* [Action item] The entire listing, reproduced exactly and stripped of images, is the expected output.

* [Collected material]

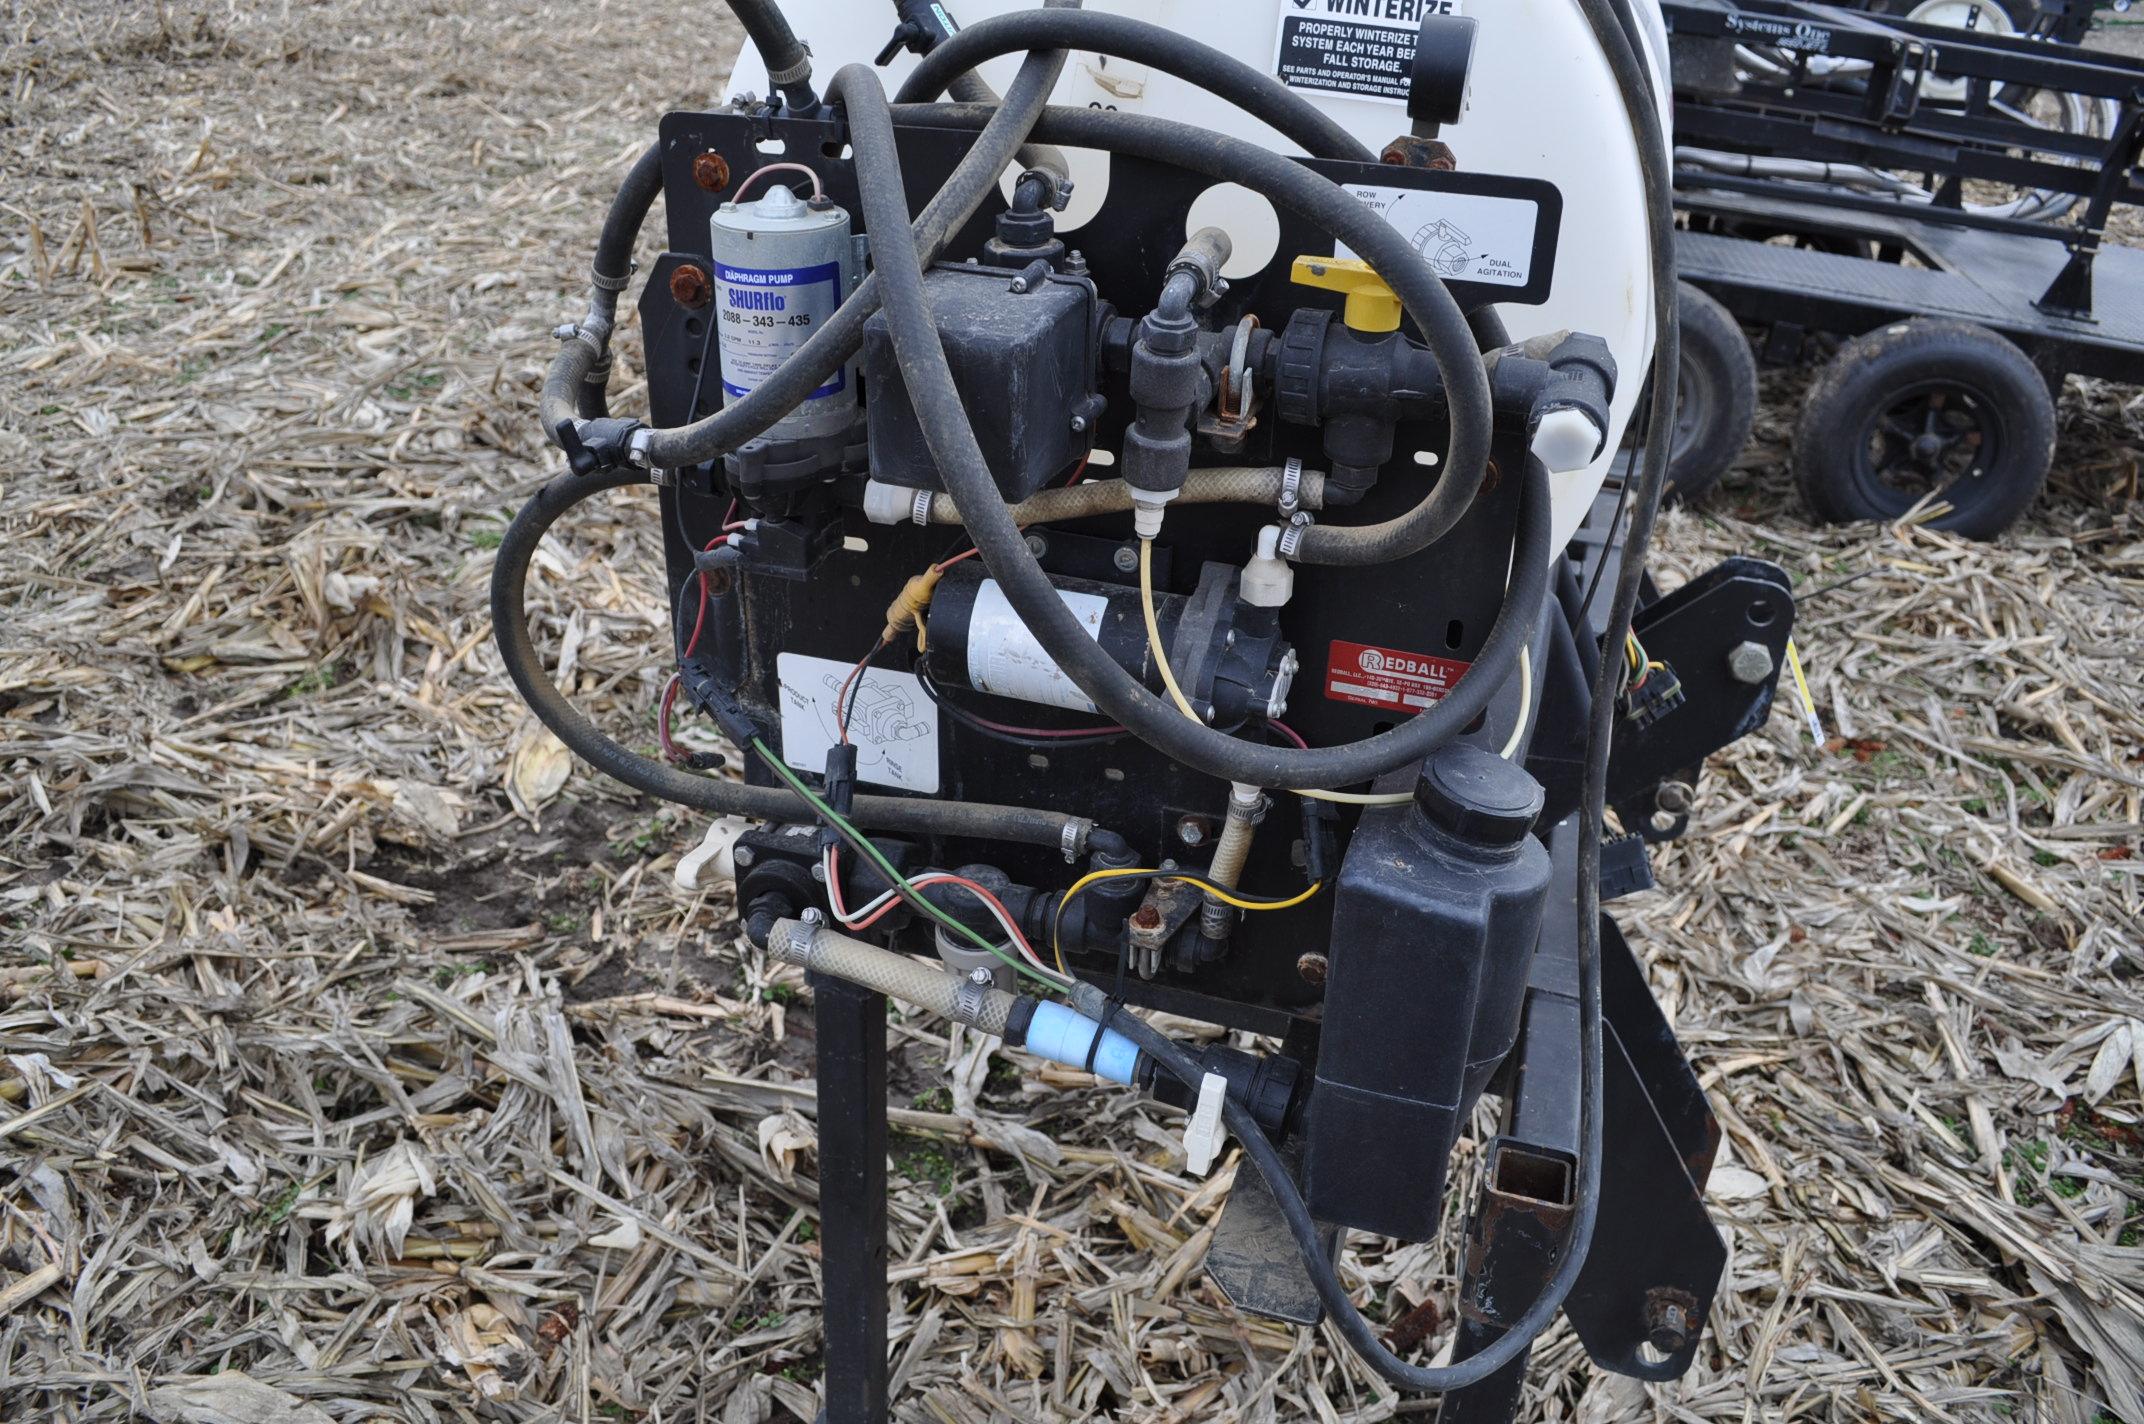 Redball 110 gallon poly tankw/ 12 volt pump, 3 pt. - Image 5 of 10
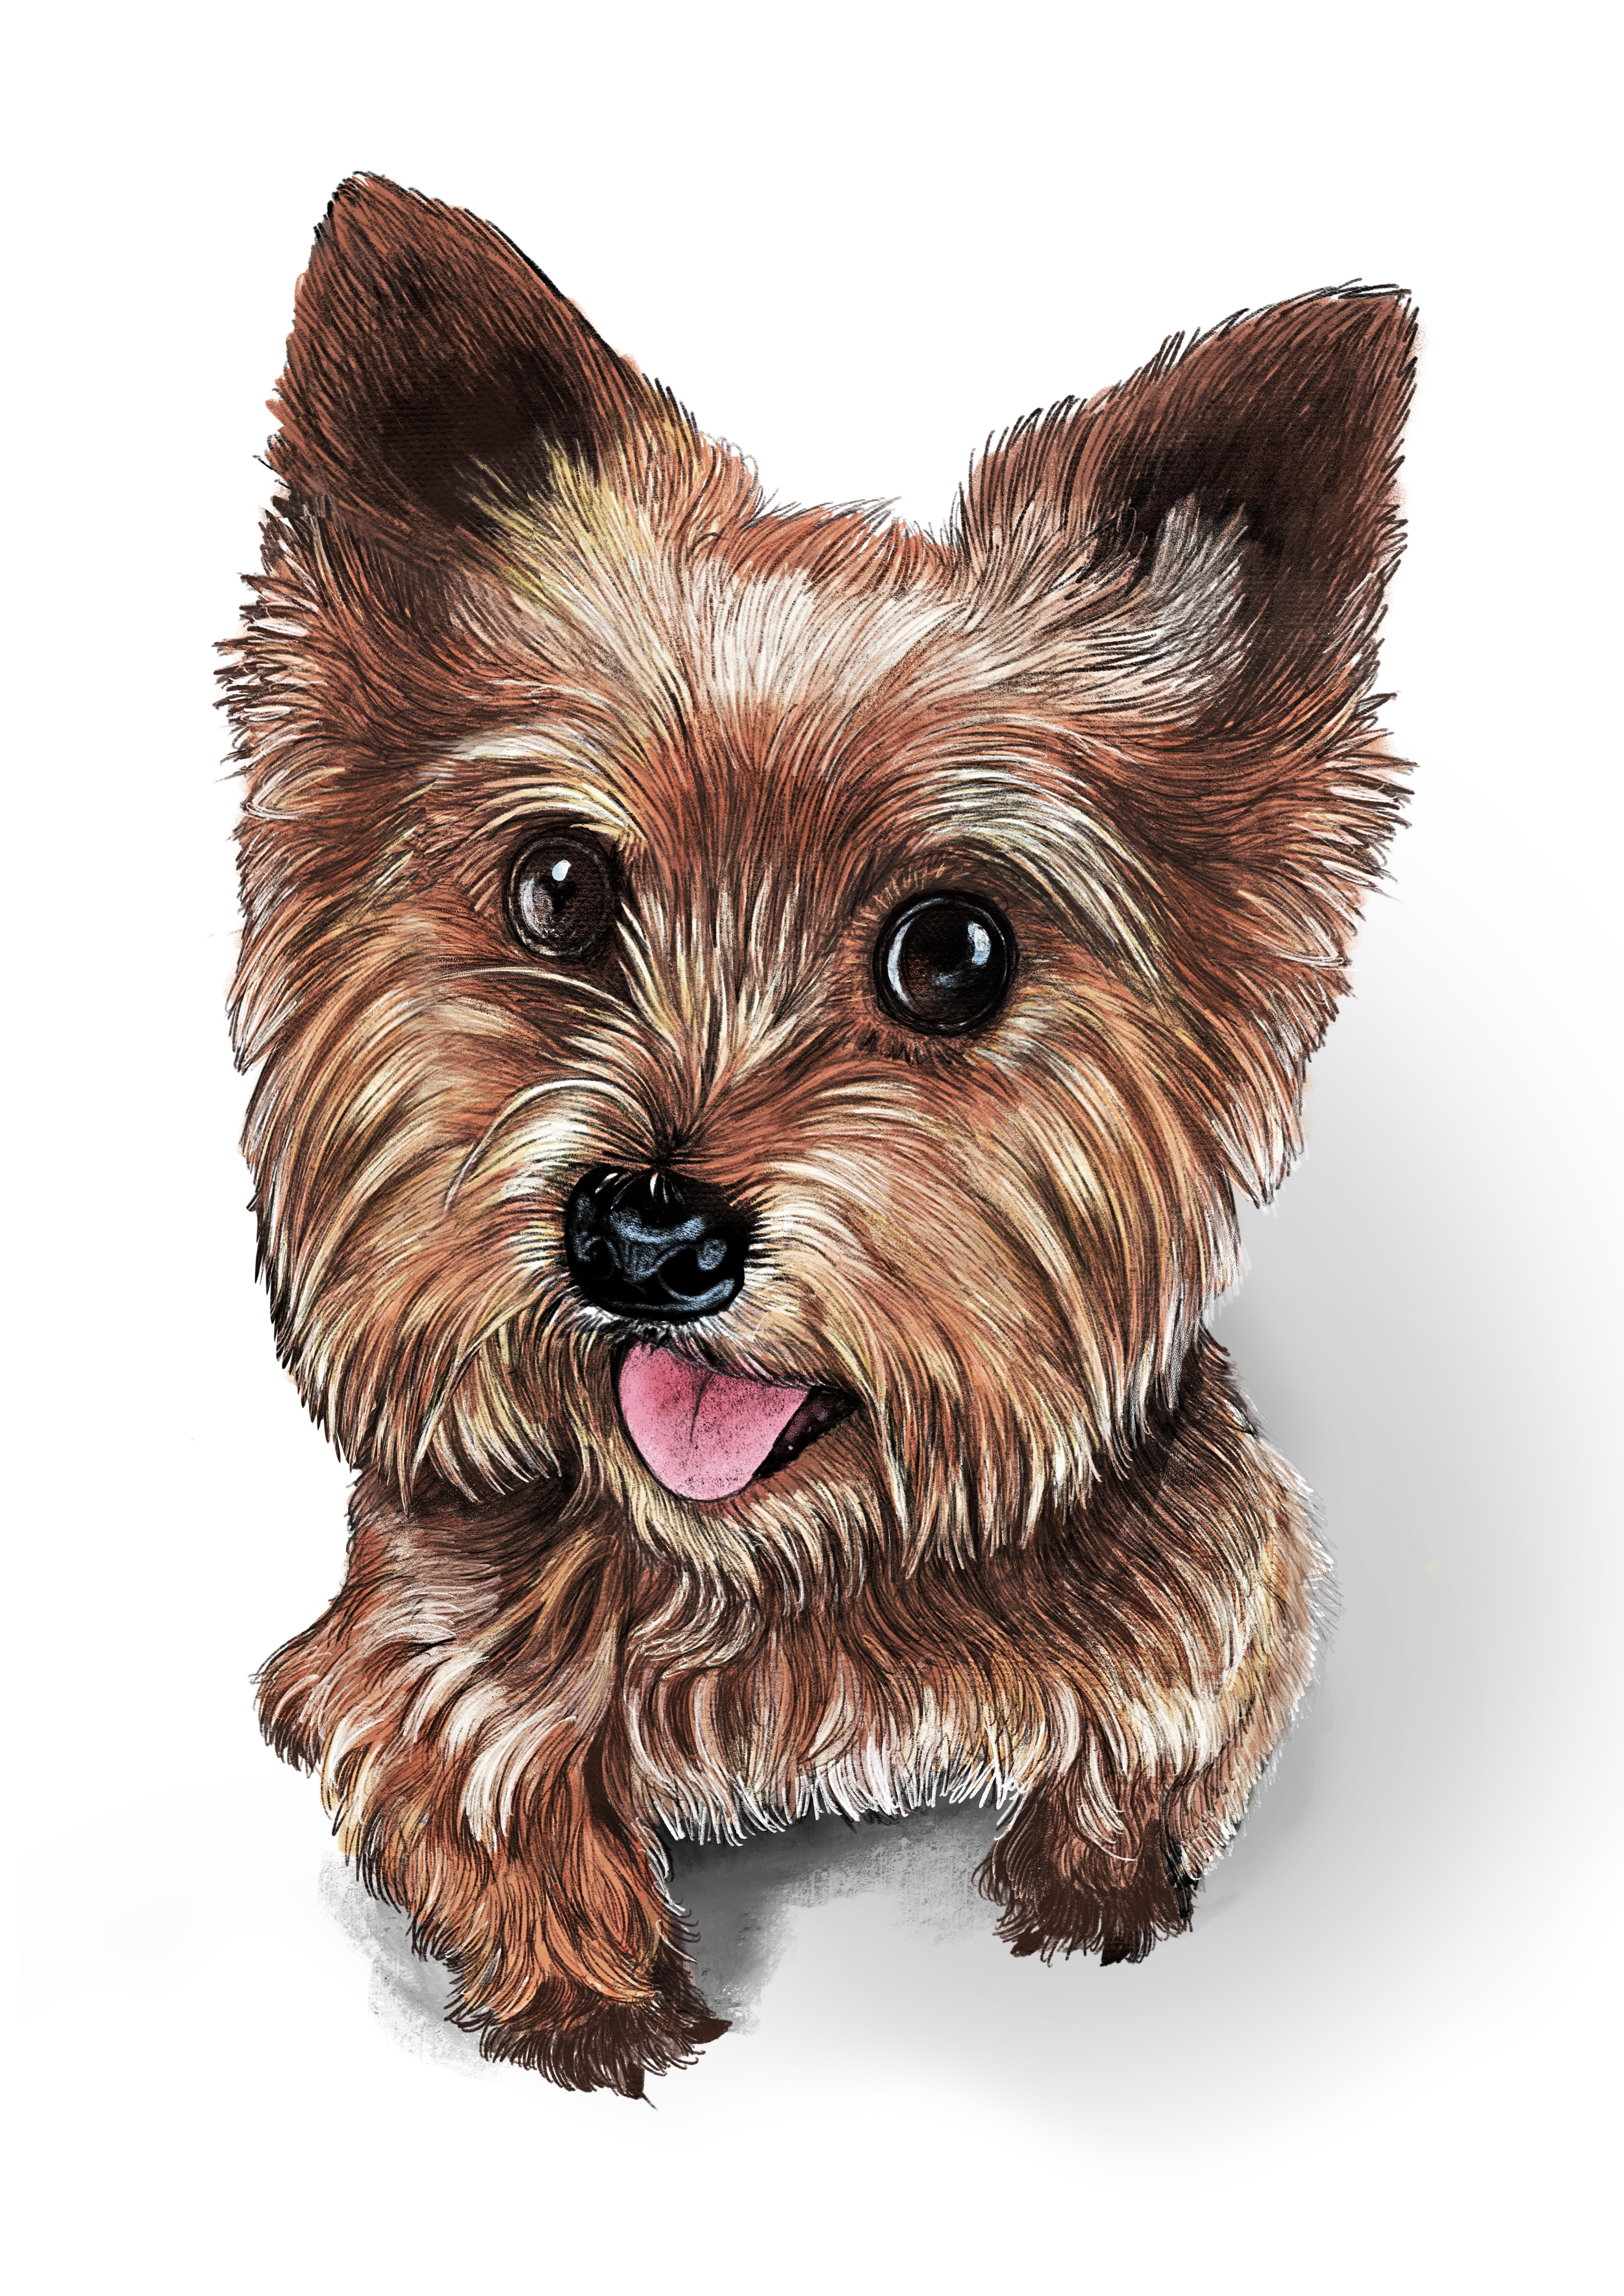 Illustration of my pet yorkshire terrier dog
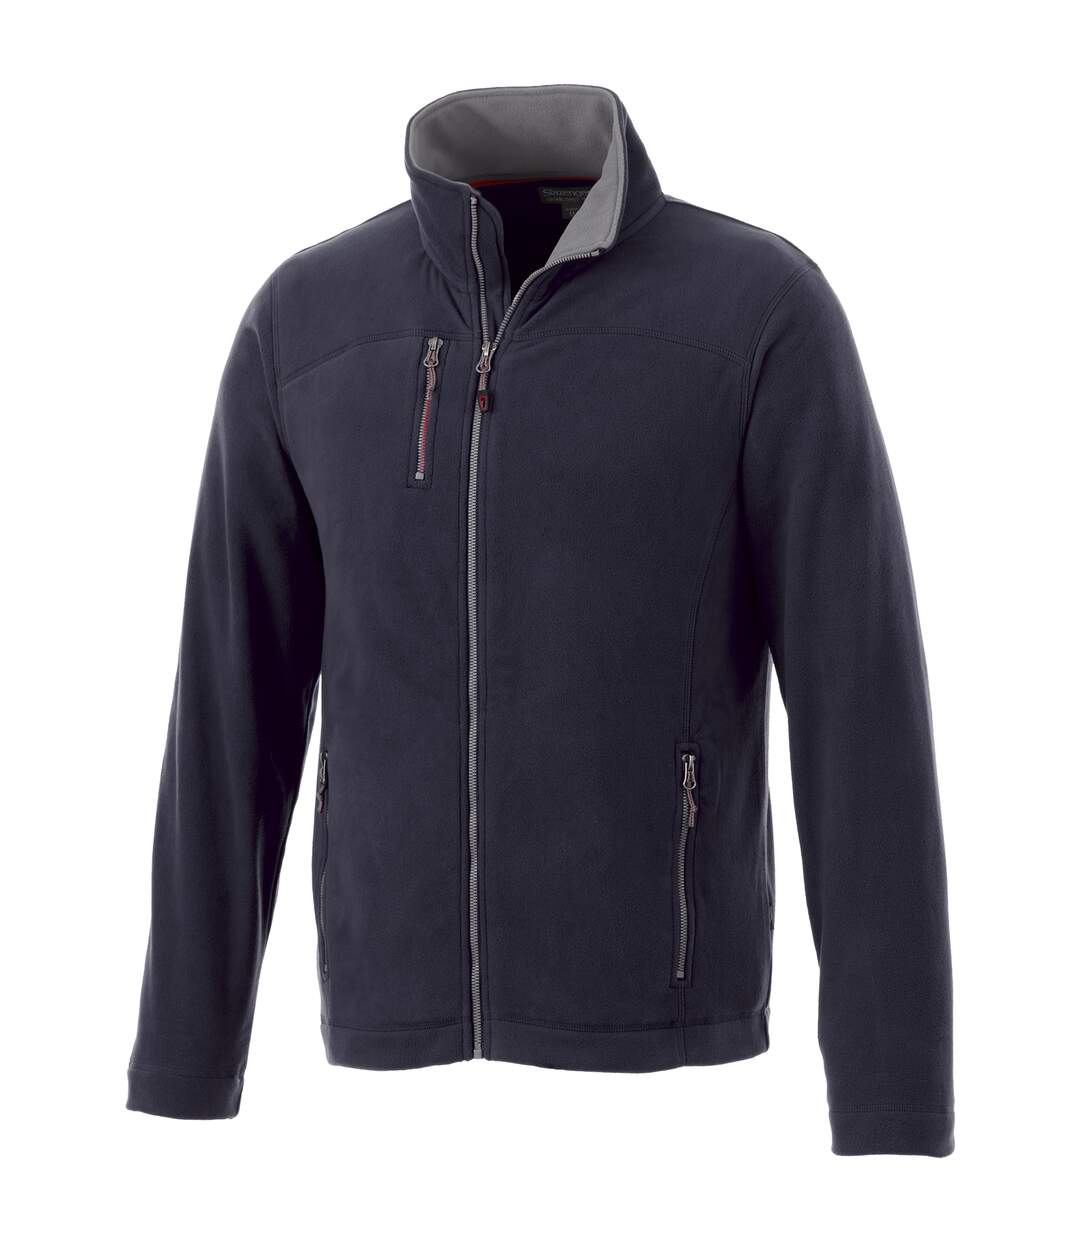 Slazenger Mens Pitch Microfleece Jacket (Red) - UTPF1797

* [Response]
 Redball 110 gallon poly tankw/ 12 volt pump, 3 pt. - Image 5 of 10
 Illustration of my pet yorkshire terrier dog
 Slazenger Mens Pitch Microfleece Jacket (Red) - UTPF1797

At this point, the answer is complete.